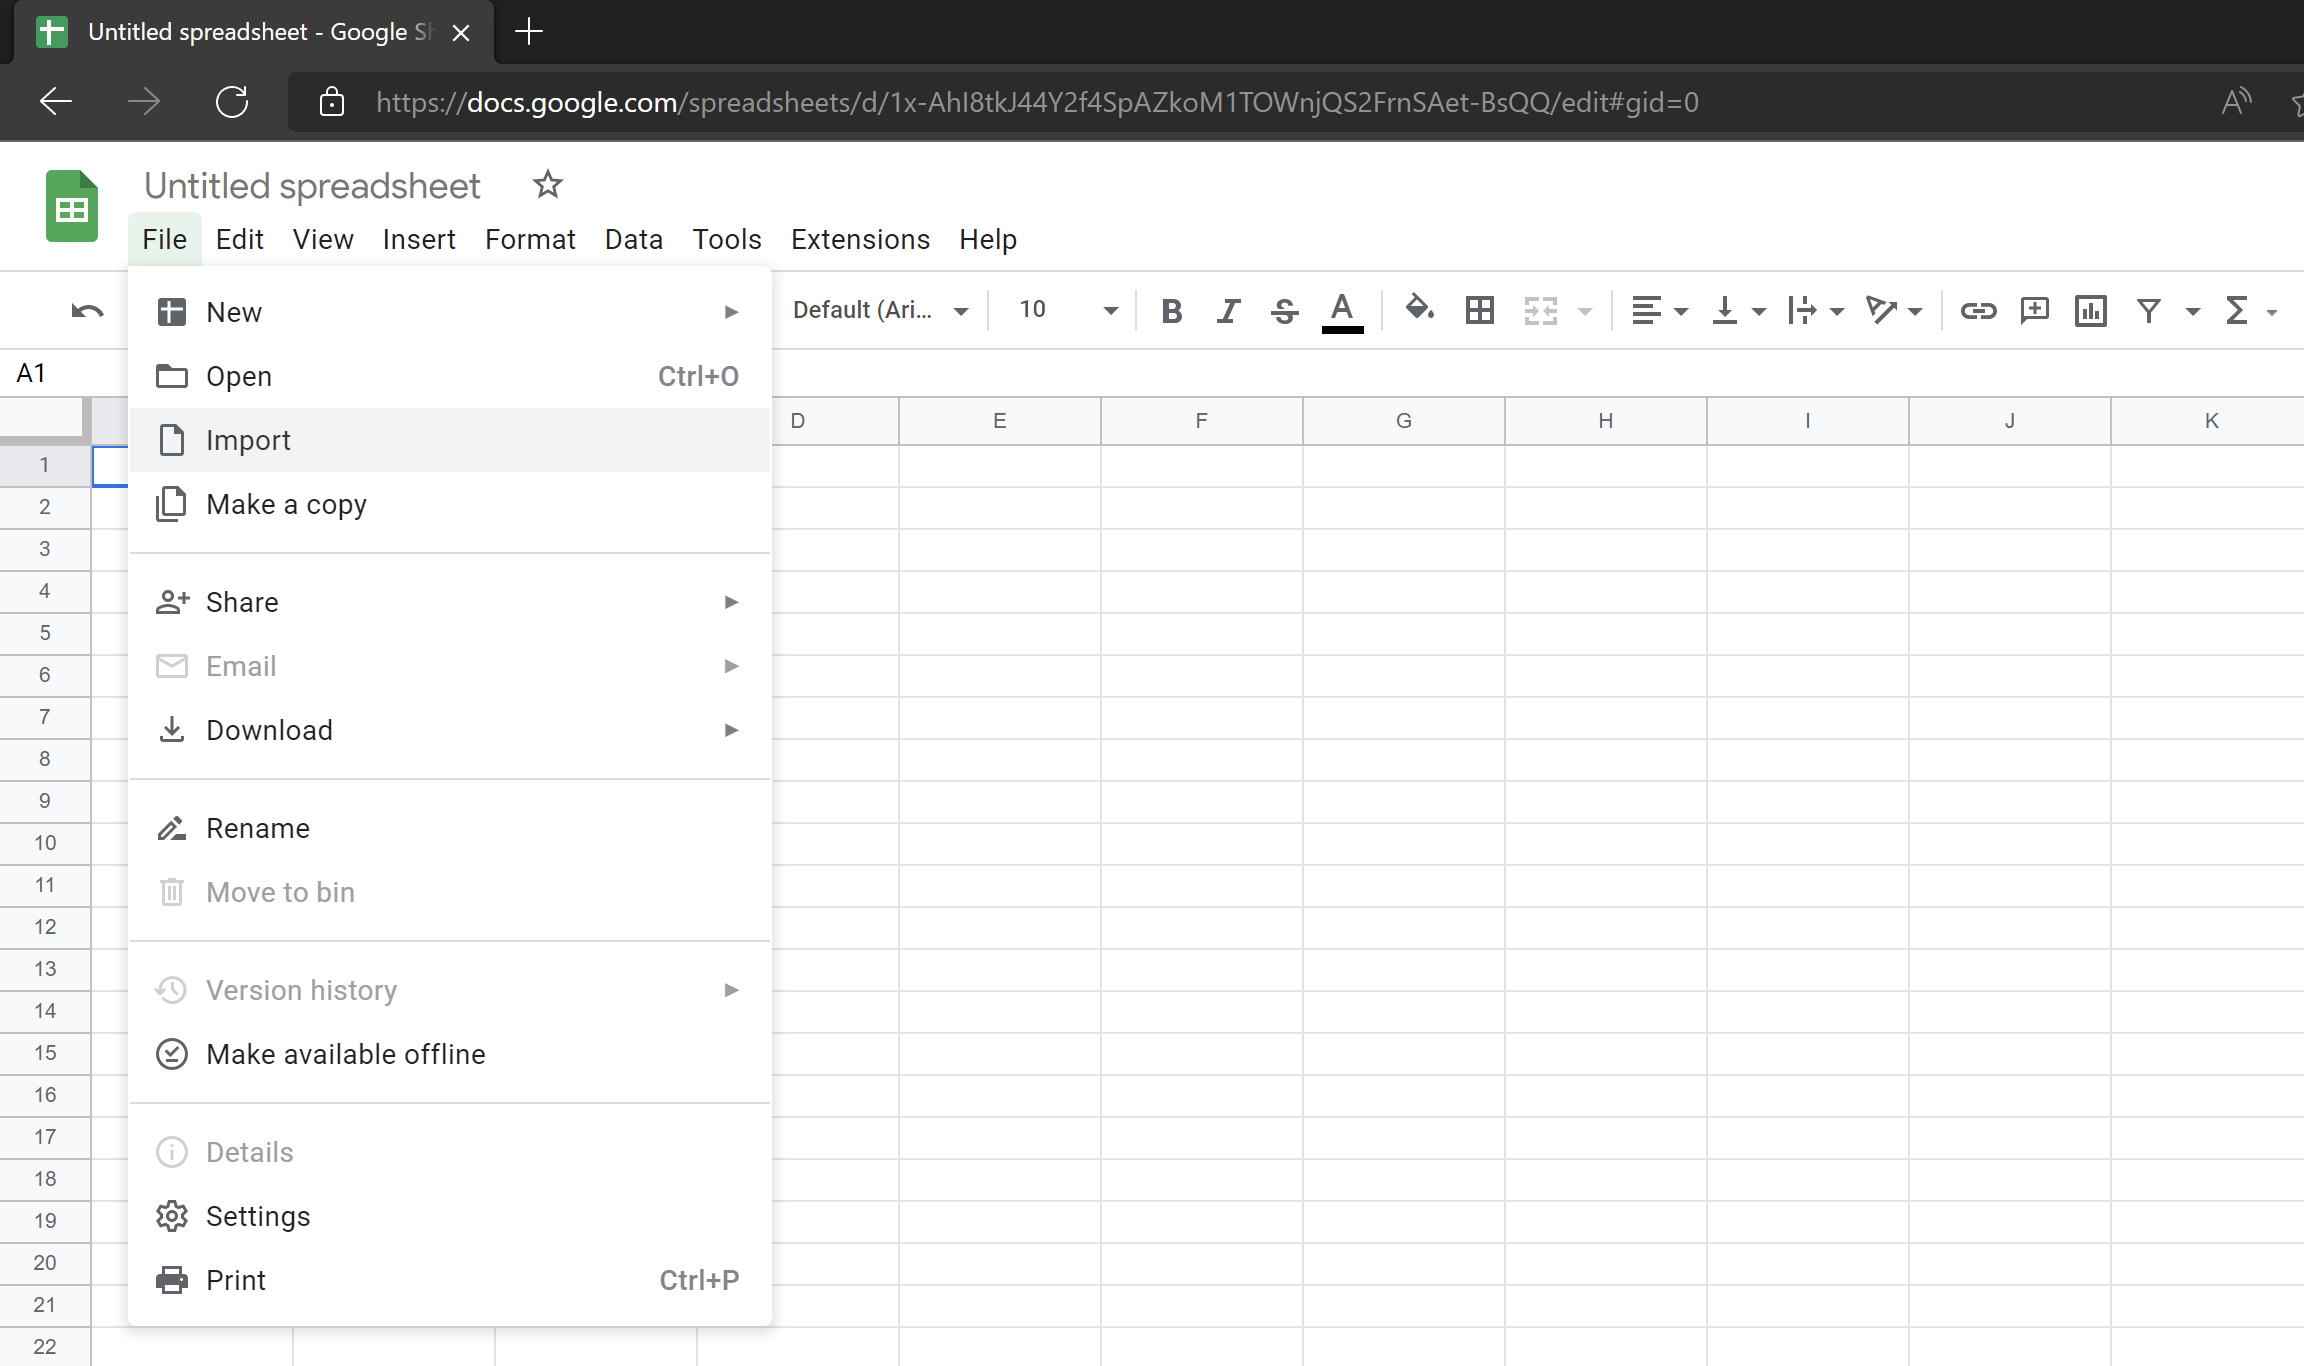 การ Import ข้อมูลจาก Excel หรือ CSV เข้ามาใน Google Sheets
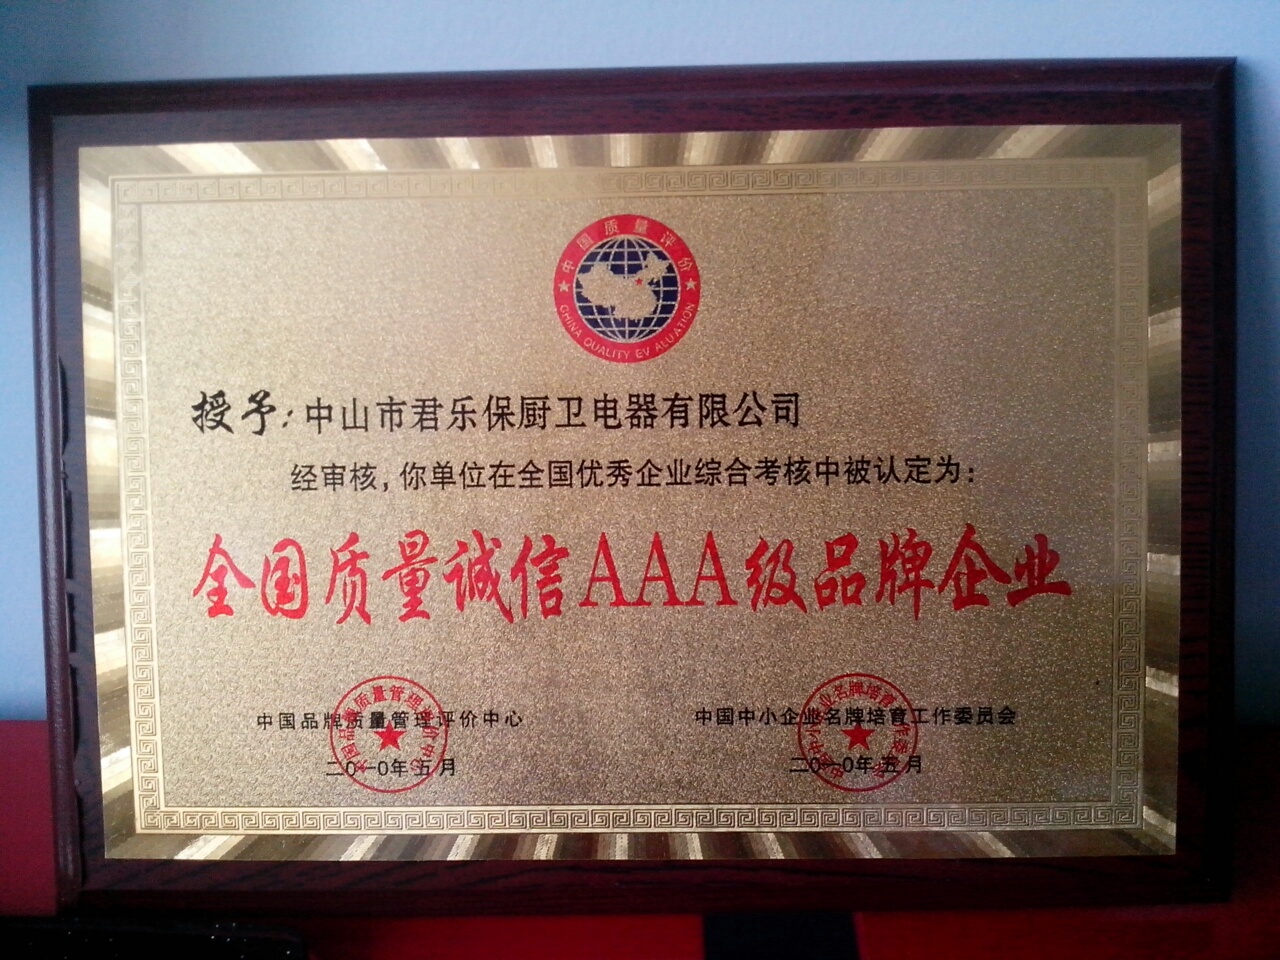 AAA品牌荣誉证书
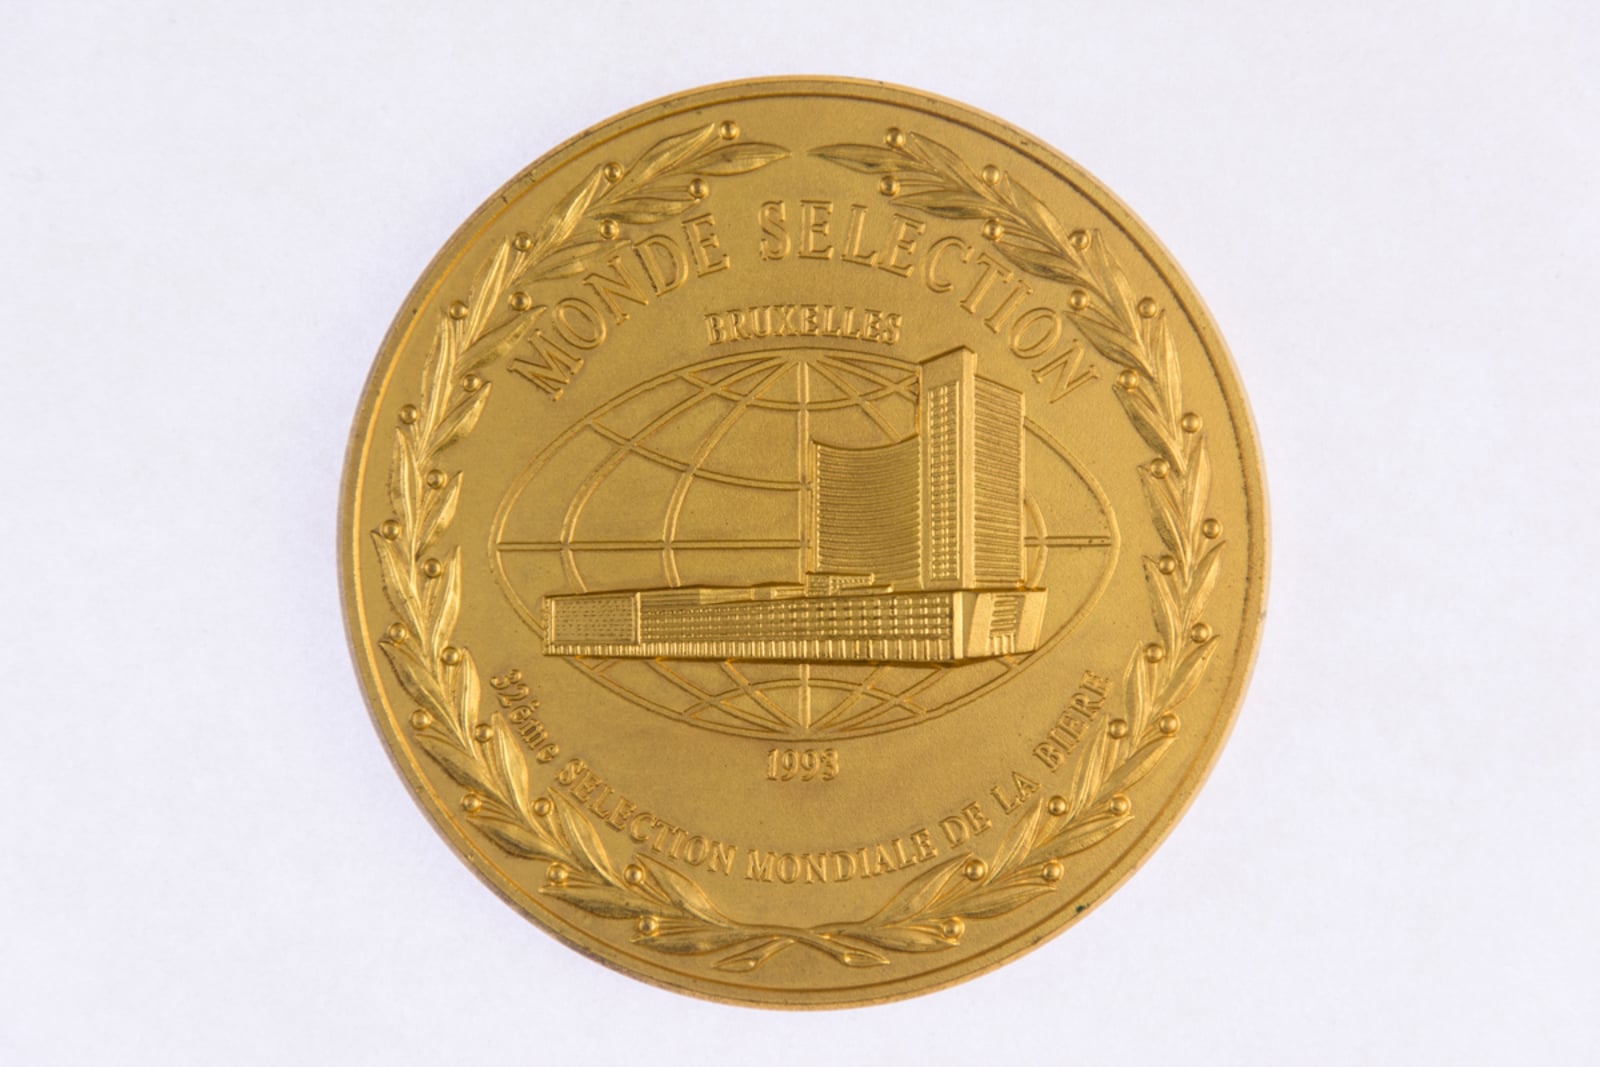 Monde Selection Bruxelles, Grande Medaille d'Or 1993
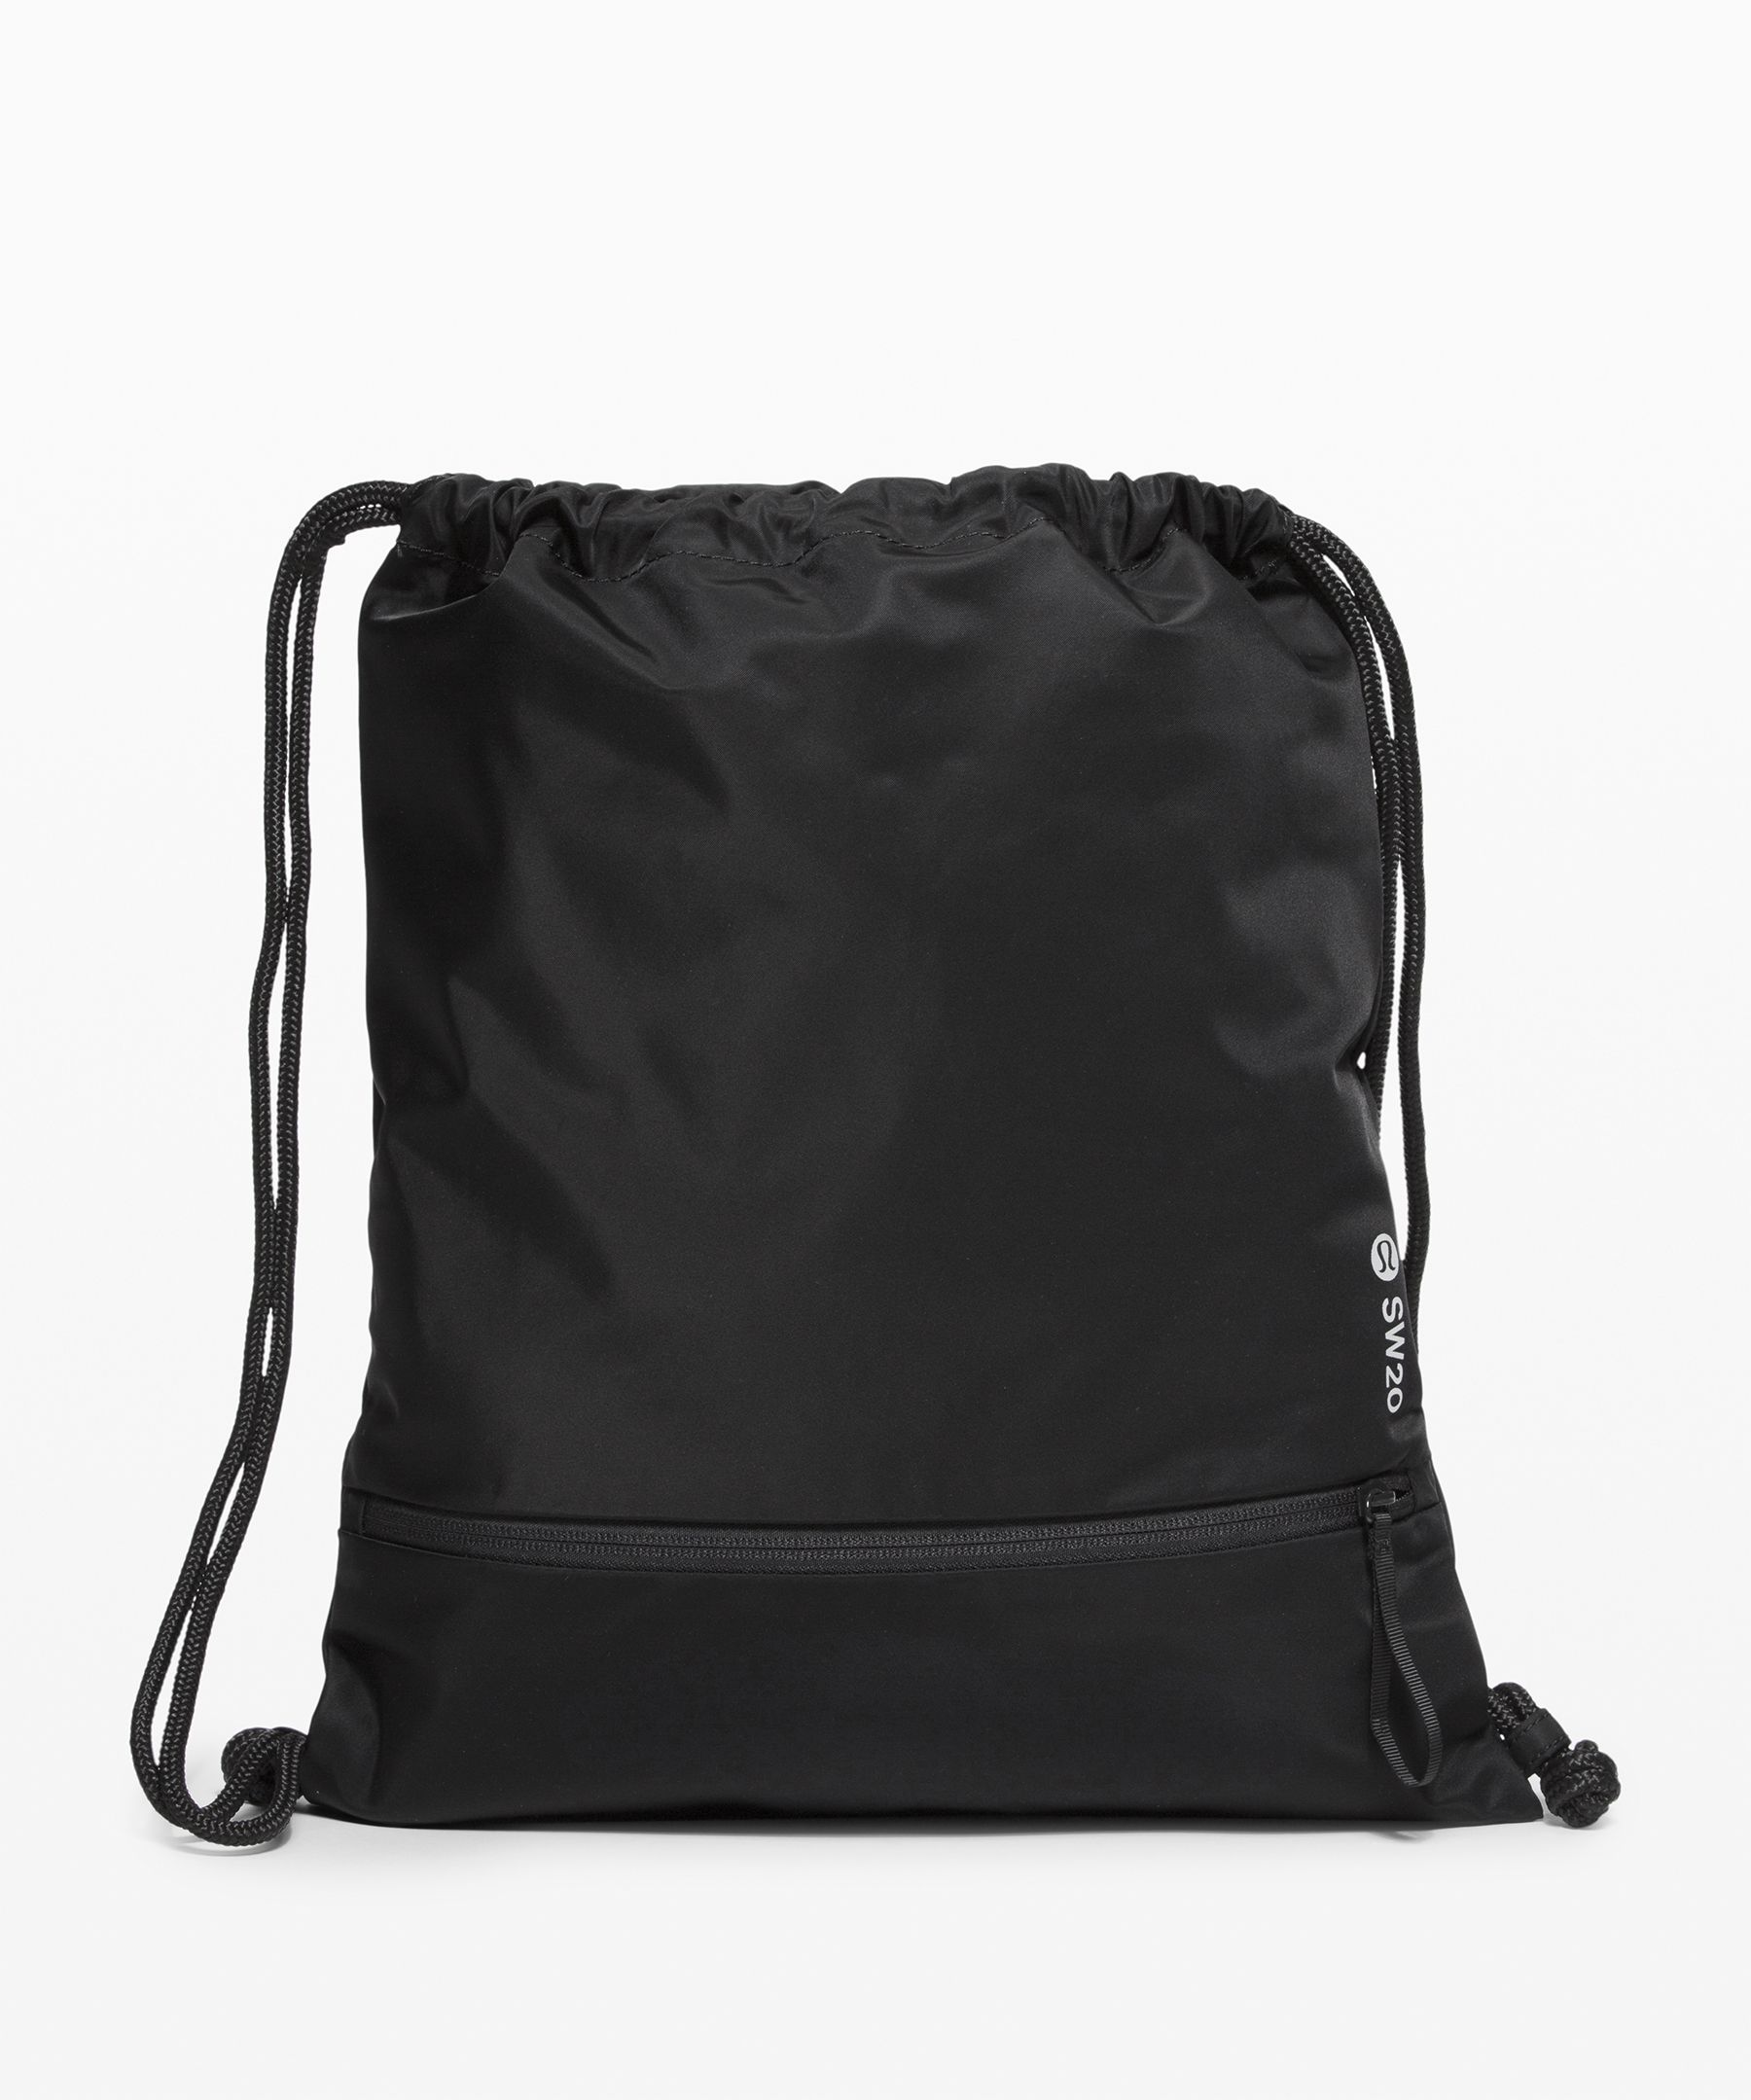 Lululemon Seawheeze Bag In Black

┄┄┄┄┄┄┄┄┄┄

**What needs to be done**
None of the pictures should be kept; reproduce all the remaining material exactly.

**Task output**
 การ Import ข้อมูลจาก Excel หรือ CSV เข้ามาใน Google Sheets
 AAA品牌荣誉证书
 Monde Selection Bruxelles, Grande Medaille d'Or 1993
 Lululemon Seawheeze Bag In Black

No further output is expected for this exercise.